— Exercise description —
Copy exactly, and copy nothing else: the line that contains "Hogan women's lace-ups" and all lines after it in the listing, without pictures.
┌──
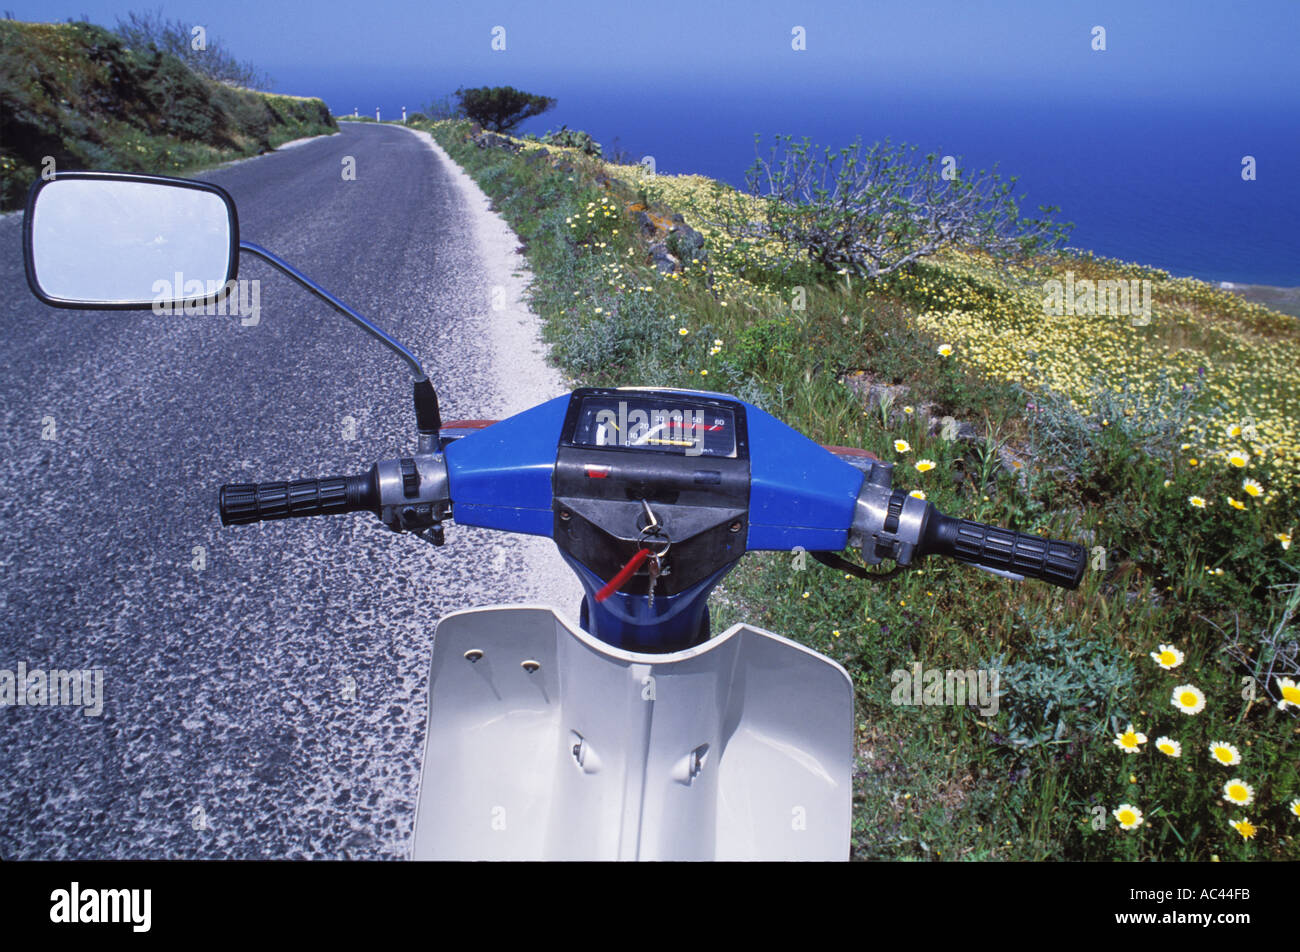 Santorini roller -Fotos und -Bildmaterial in hoher Auflösung – Alamy
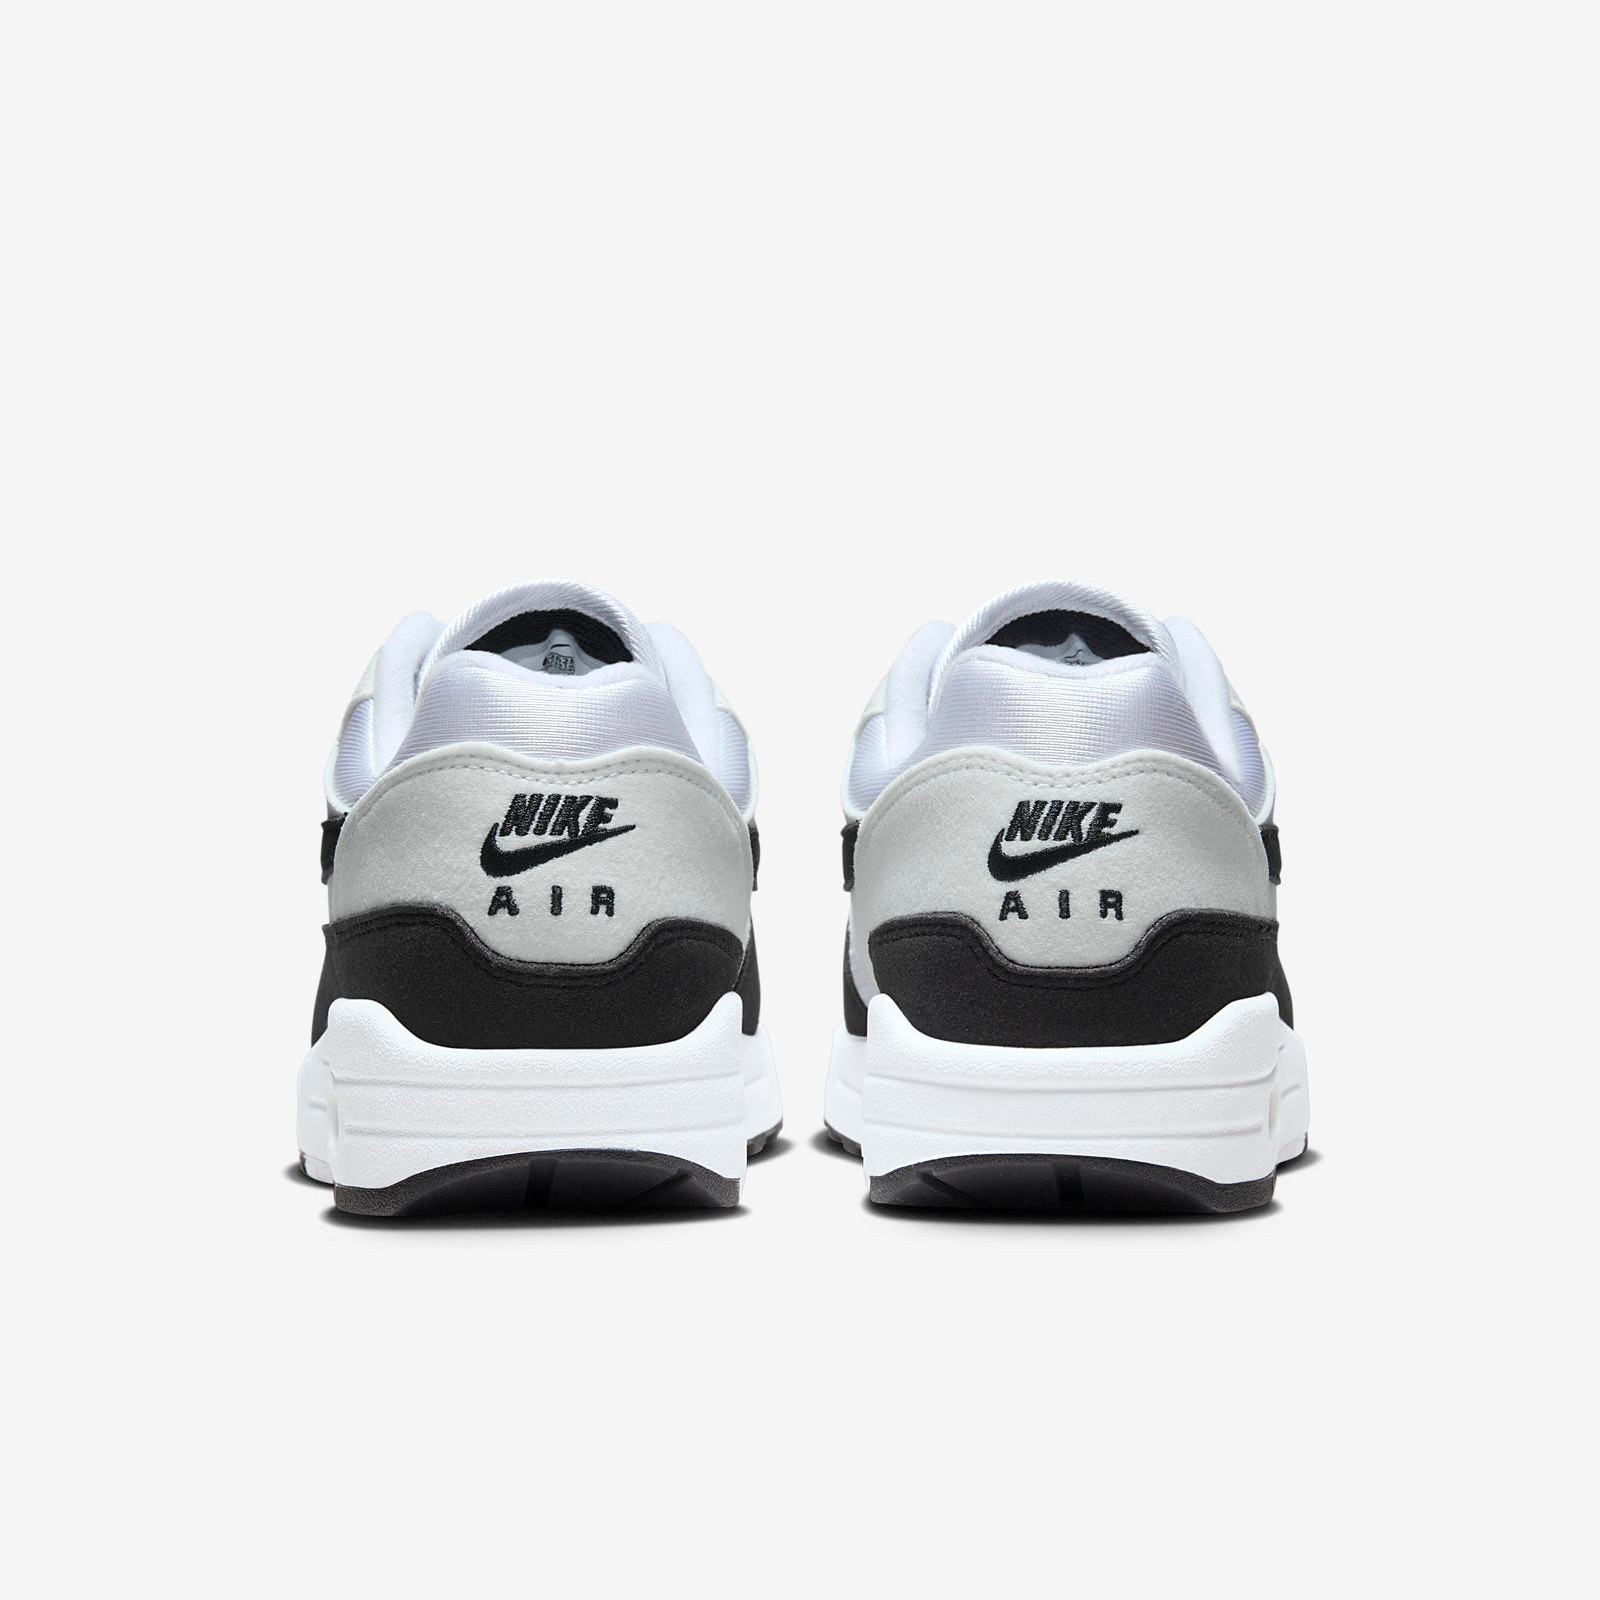 Nike Air Max 1
White / Black
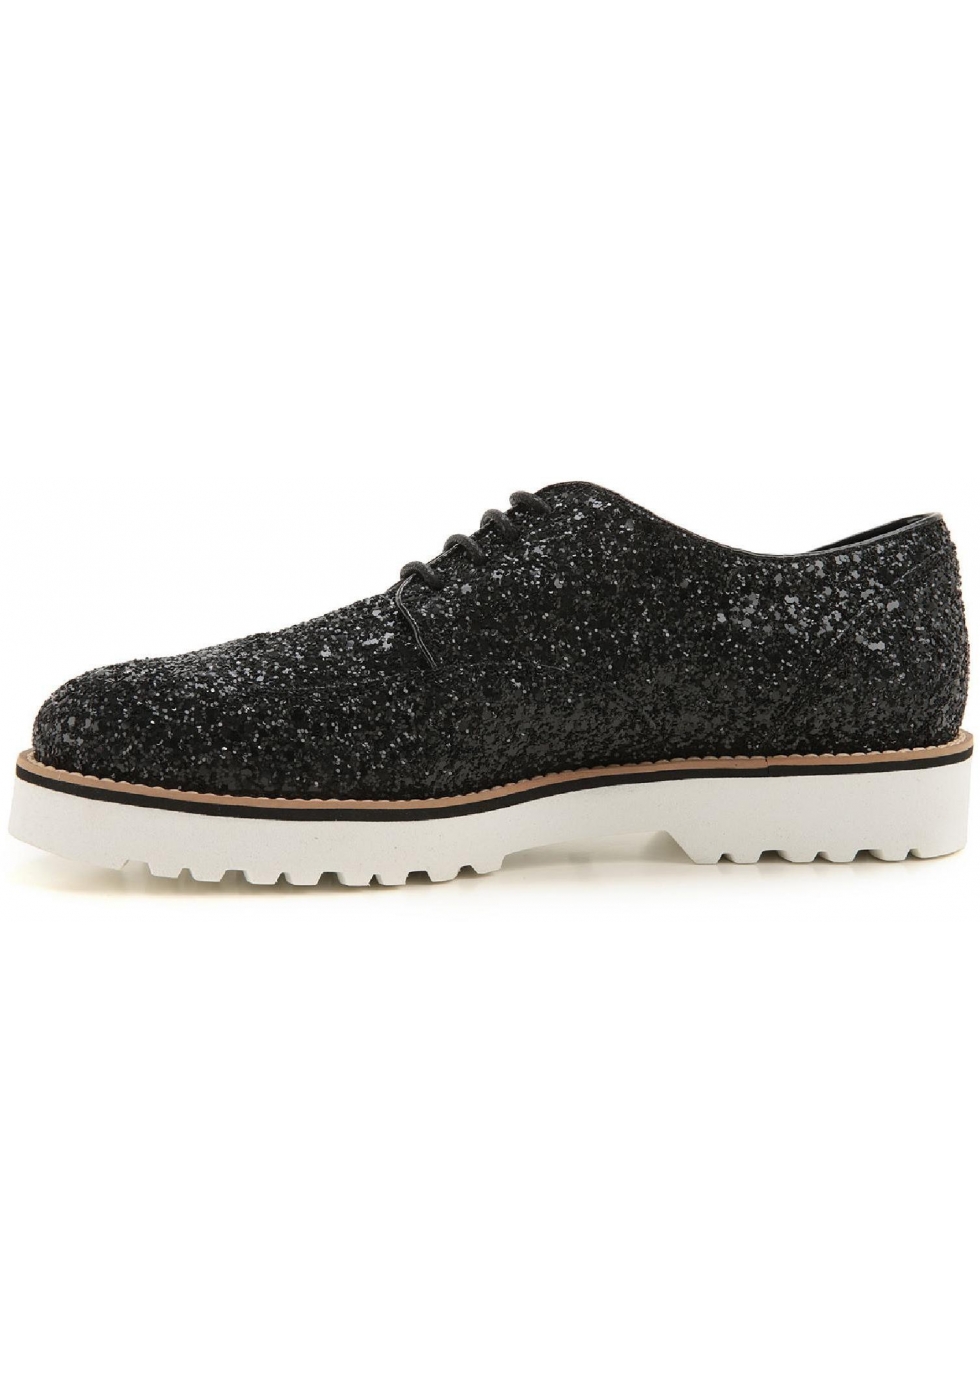 Hogan women's lace-ups shoes in black glitter leather - Italian Boutique
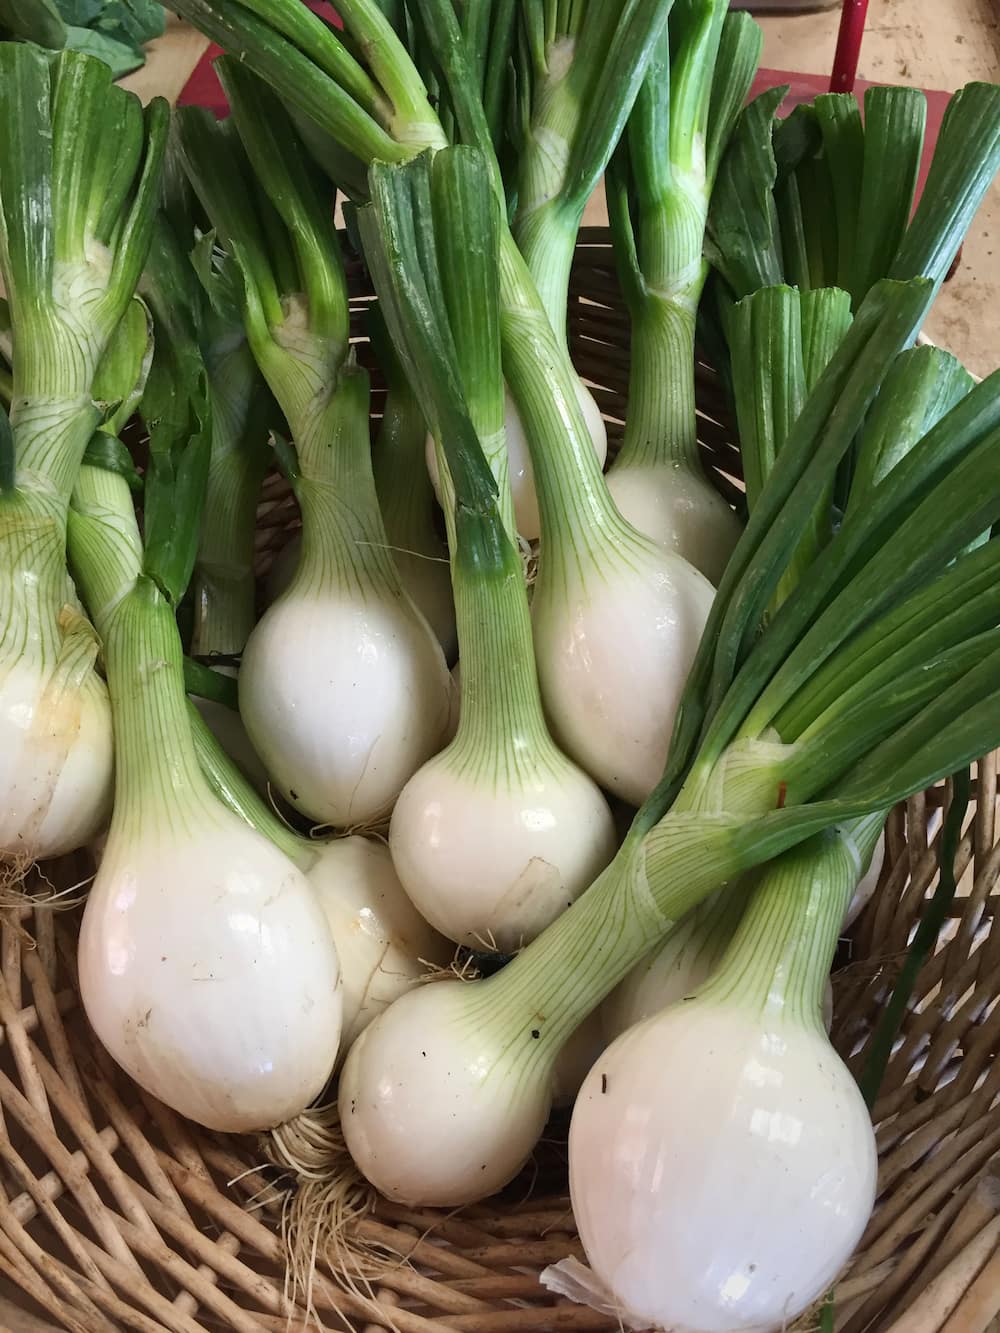 How long do onions last
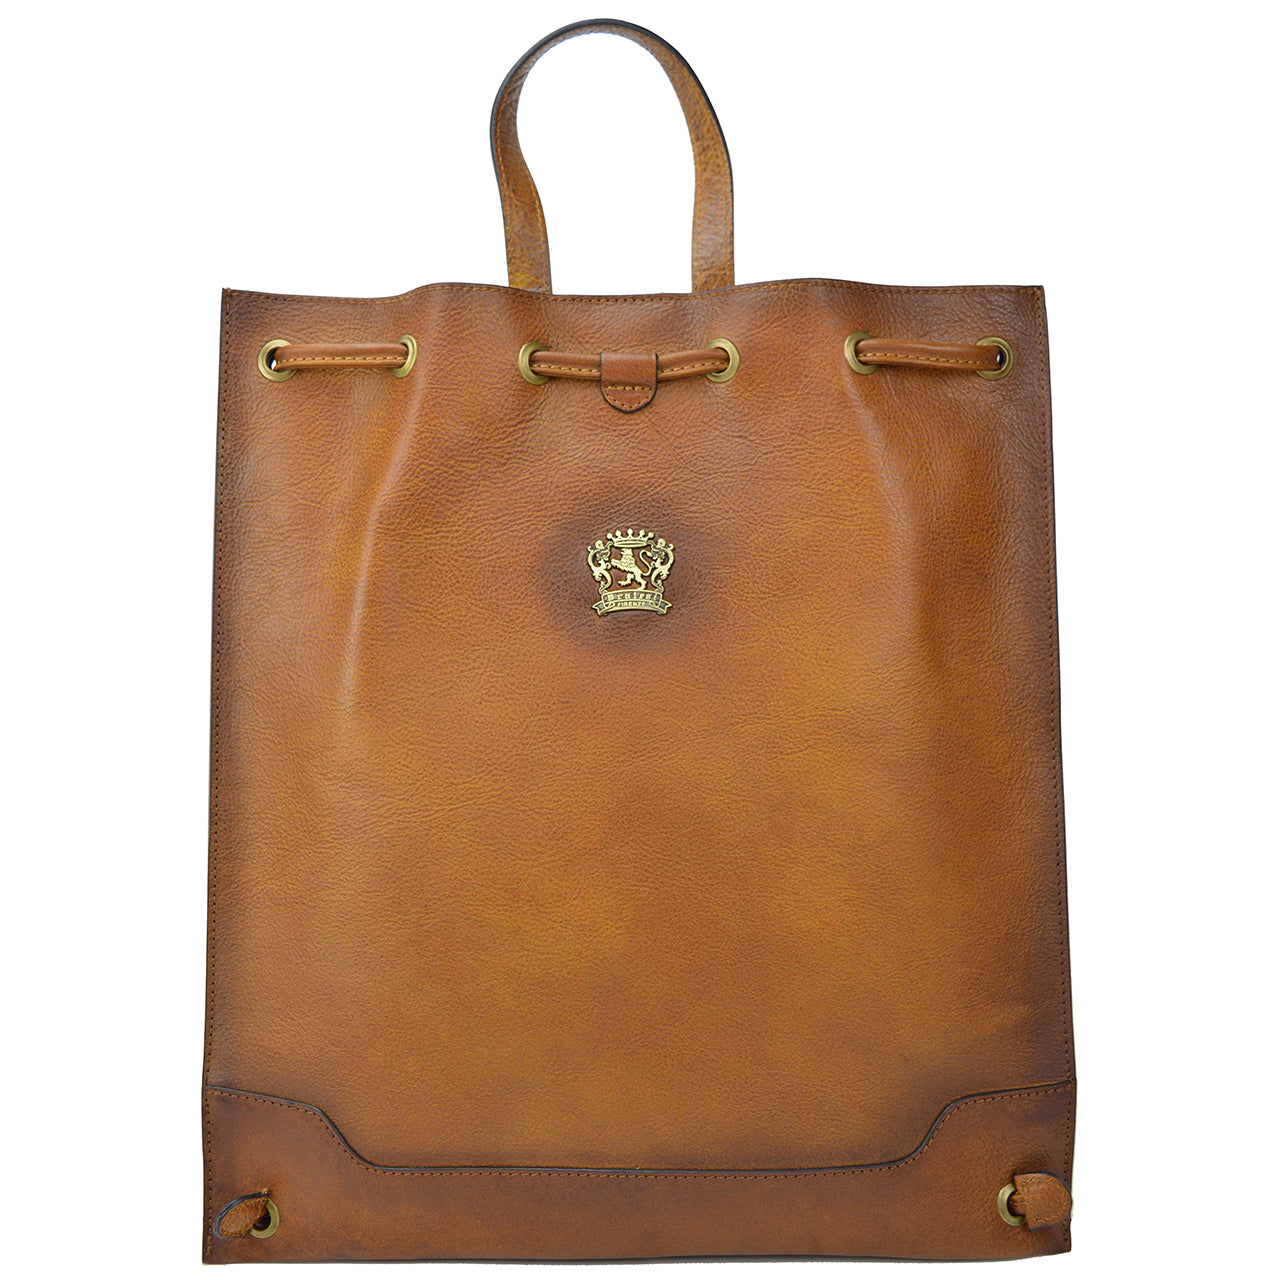 Pratesi Contea B490 Backpack in genuine Italian leather - Contea B490 Cherry
└──
— Result of the exercise —
 Hogan women's lace-ups shoes in black glitter leather - Italian Boutique
 How long do onions last
 Pratesi Contea B490 Backpack in genuine Italian leather - Contea B490 Cherry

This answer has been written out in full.